Learning with geographical comics about climate change is more effective than learning with text only.

  1. 1.

    Learning with comics helps learners to understand spatial causal relationships better than learning with text only.

  2. 2.

    Learning with comics supports retention of geographical knowledge better than learning with text only.

  3. 3.

    Learning with comics intensifies environmental concern more than learning with text only.

  4. 4.

    Learning with comics changes behavioral intentions based on geographical insights more effectively than learning with text only.

Methodology

In order to find out about the effects of learning with comics compared to learning with texts, we used a randomized pretest–posttest experimental design with two groups. We compared two independent samples using parametric and non-parametric methods. According to our hypotheses, which are based on previous studies for learning with comics, we opted for a one-tailed statistical testing at a 0.05-α-level.

Participants

We recruited 80 6th and 7th grade students from three different schools in North-Rhine Westphalia, Germany, to participate in our research study. They were aged 11–15 (Mean 12.30, SD 0.91). One of the schools was a “Gymnasium”, a type of high school preparing learners for university in the long term. The second school was located in a social hot spot, with very diverse students from different backgrounds. The third school was a private school using the Waldorf pedagogy. The choice of different school types ensured a good representation of the population. The 80 students were randomly assigned to one of two equally sized groups prior to carrying out the experiment. Out of the 80 students, 8 did not participate due to absence from class during the time of the experiment, reducing the number of actual participants to 72. The experimental group (n = 36) received the comic as learning material, while the control group (n = 36) received a more traditional learning medium, in this case a text with the same content as the comic.

Tested material

In order to purposefully test our hypotheses, we particularly designed the comic (Online Resource 1) used for this experiment to teach the interdisciplinary nature and complexity of climate change with its intricate interdependency of human and environmental interaction. The story of the five page comic starts in the city of Brasilia depicting indigenous persons in traditional attire protesting against the destruction of the rainforest against the backdrop of the hypermodern Brazilian government buildings designed by Oscar Niemeyer. Afterwards, the story migrates to the rainforest discussing the water cycle. In the end, we see a perspective from space in the form of a LANDSAT satellite image map. The view from space opens up a different perspective on the forest and its surroundings, which are often turned into crop fields. The comic depicts spatial dimensions and global interrelations of climate change, its causes, its implications, and its solutions, by means of multimodal visualization devices which were integrated directly into the story flow. The comic used in this experiment (see supplementary material) is one of ten chapters in a comic atlas, utilizing maps, charts, and diagrams which are an integral part of the comic stories (for more information see https://aboutusclimate.org/). The maps and infographics are woven into the visual language of the comics (Fig. 1). The excerpt used for this study is particularly suited for teaching climate change, e.g. in the geography classroom, touching upon the meaning of evapotranspiration for the conservation of the Amazon rainforest, the meaning of the forest for the livelihood of its local inhabitants, and political and consumer decisions on a global scale as part of the solution.

Fig. 1
figure 1

An excerpt of the five-page comic used in the study, showing the seamless integration of image, chart, and text (translated from German) elements into a single artefact (von Reumont and Knudsen 2020)

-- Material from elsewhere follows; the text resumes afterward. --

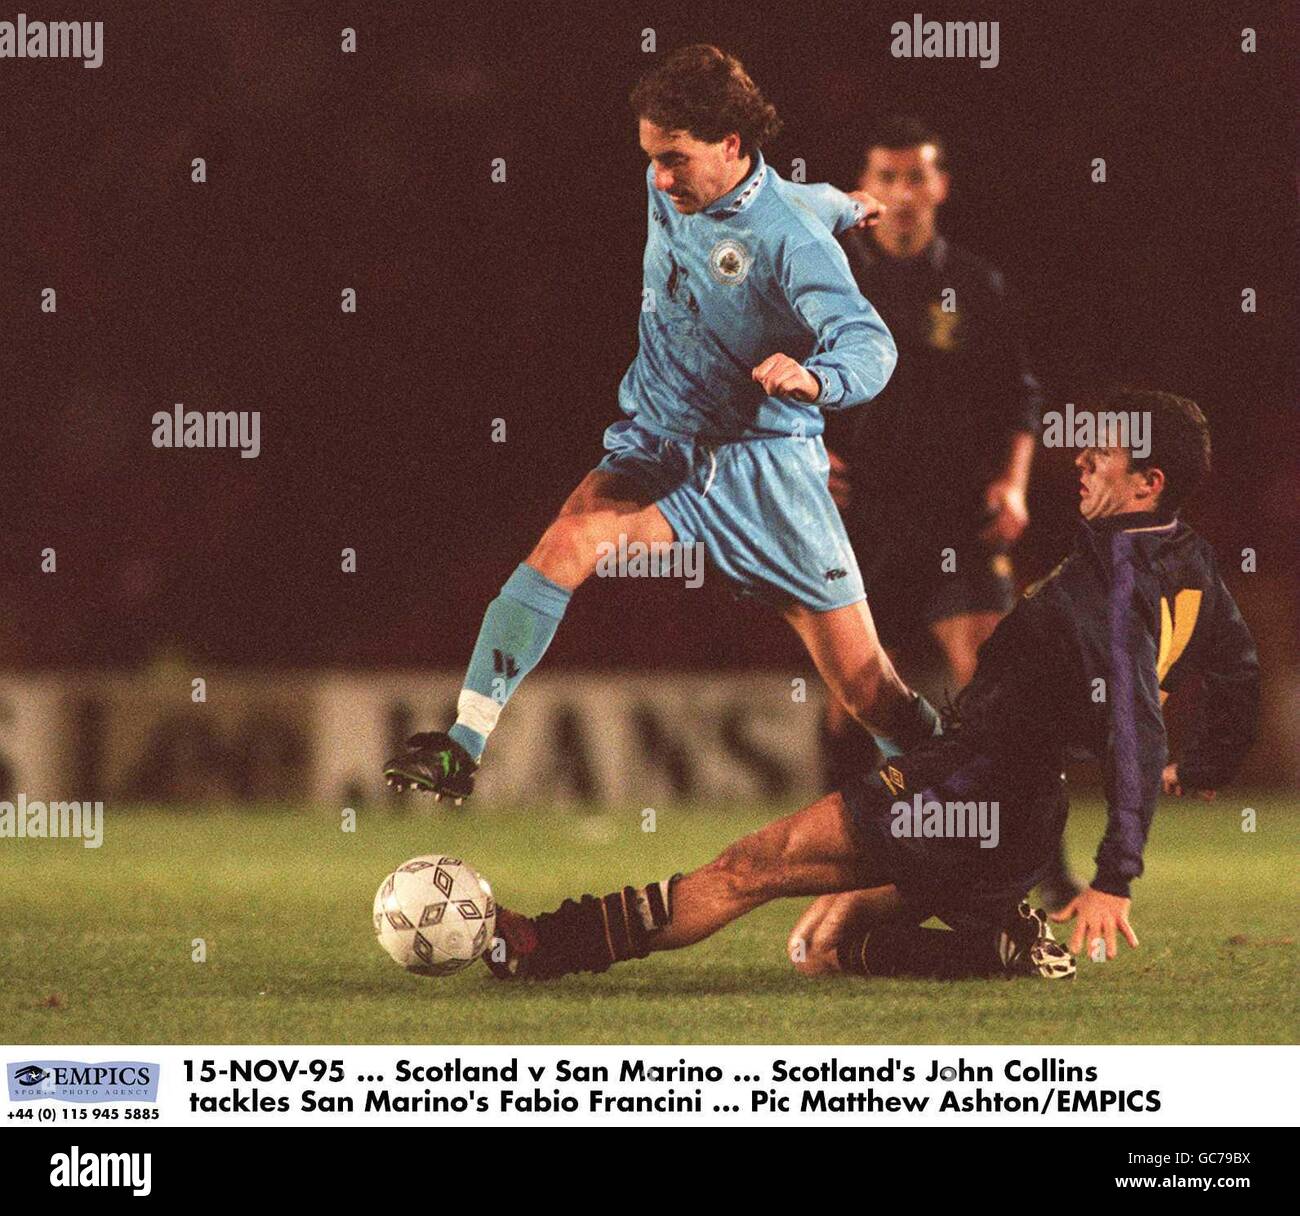 15-NOV-95. Scotland v San Marino. Scotland's John Collins tackles San Marino's Fabio Francini Stock Photo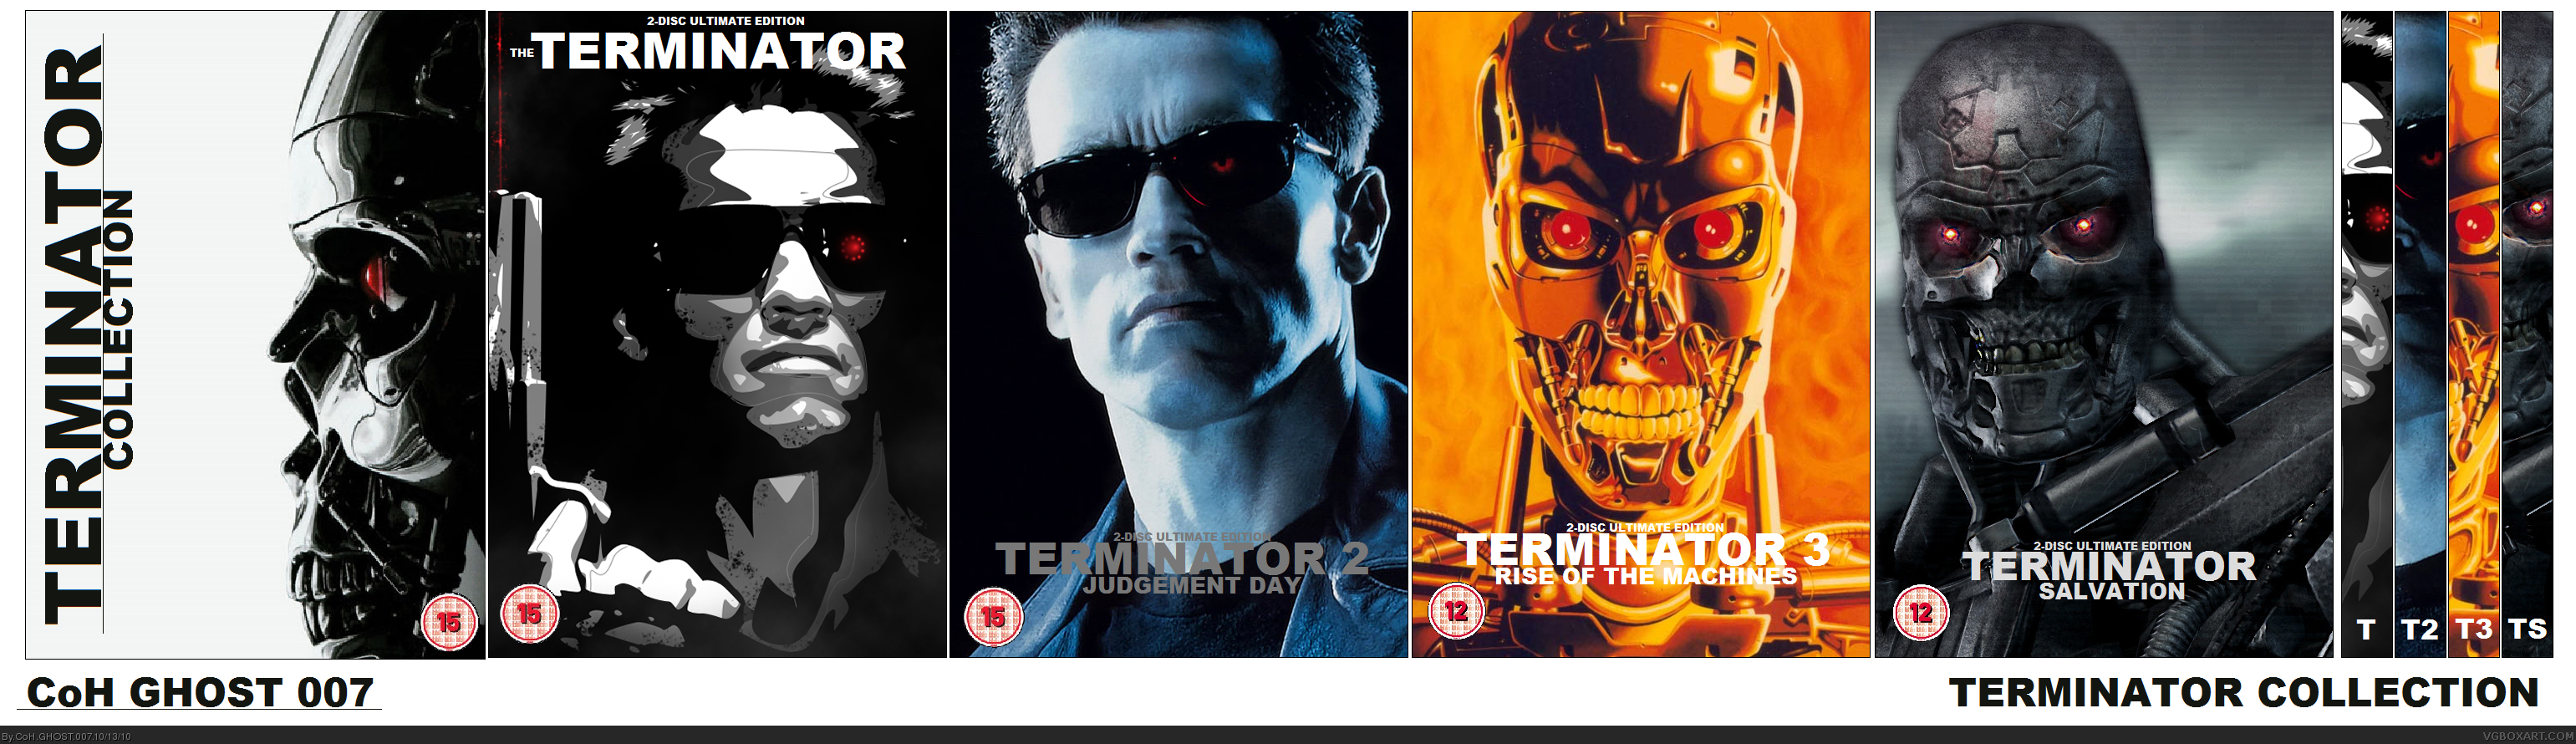 Terminator: Collection box cover

We carefully transformed the content of the comic story into purely textual form (Online Resource 2) for the control group, avoiding any loss of information in the process. A teacher revised the text, paraphrasing it to better comply with the age group. We reapplied these revisions to the textual parts of the comic to ensure maximum comparability. We confirmed the comic’s suitability for the age group prior to the experiment with a student from the target group who did not participate in the study.

Research instruments

Pre-, post-, and follow-up questionnaires constituted the research instruments. All questionnaires consisted of three main sections, to evaluate the three variables of understanding, environmental concern, and behavioral intentions (Table 1). For testing understanding of the content, we used nine open response questions, gradually rising in complexity, beginning with naming the location discussed in the material and ending with developing an argumentation from a certain point of view, reasoning about helping indigenous peoples to protect their home lands. Further questions touched upon evapotranspiration and its meaning for the water cycle in the Amazon rainforest, the forest’s meaning on local and global scales, what is threatening the forest, and the persons who are involved in the current conflict about the use of the land currently covered by rainforest. We assessed retention of knowledge in a follow-up test 1 week after the posttest with an identical set of questions. We added two questions at the beginning of the questionnaires for the posttest and follow-up test inquiring into general understanding of the story and retention of the content.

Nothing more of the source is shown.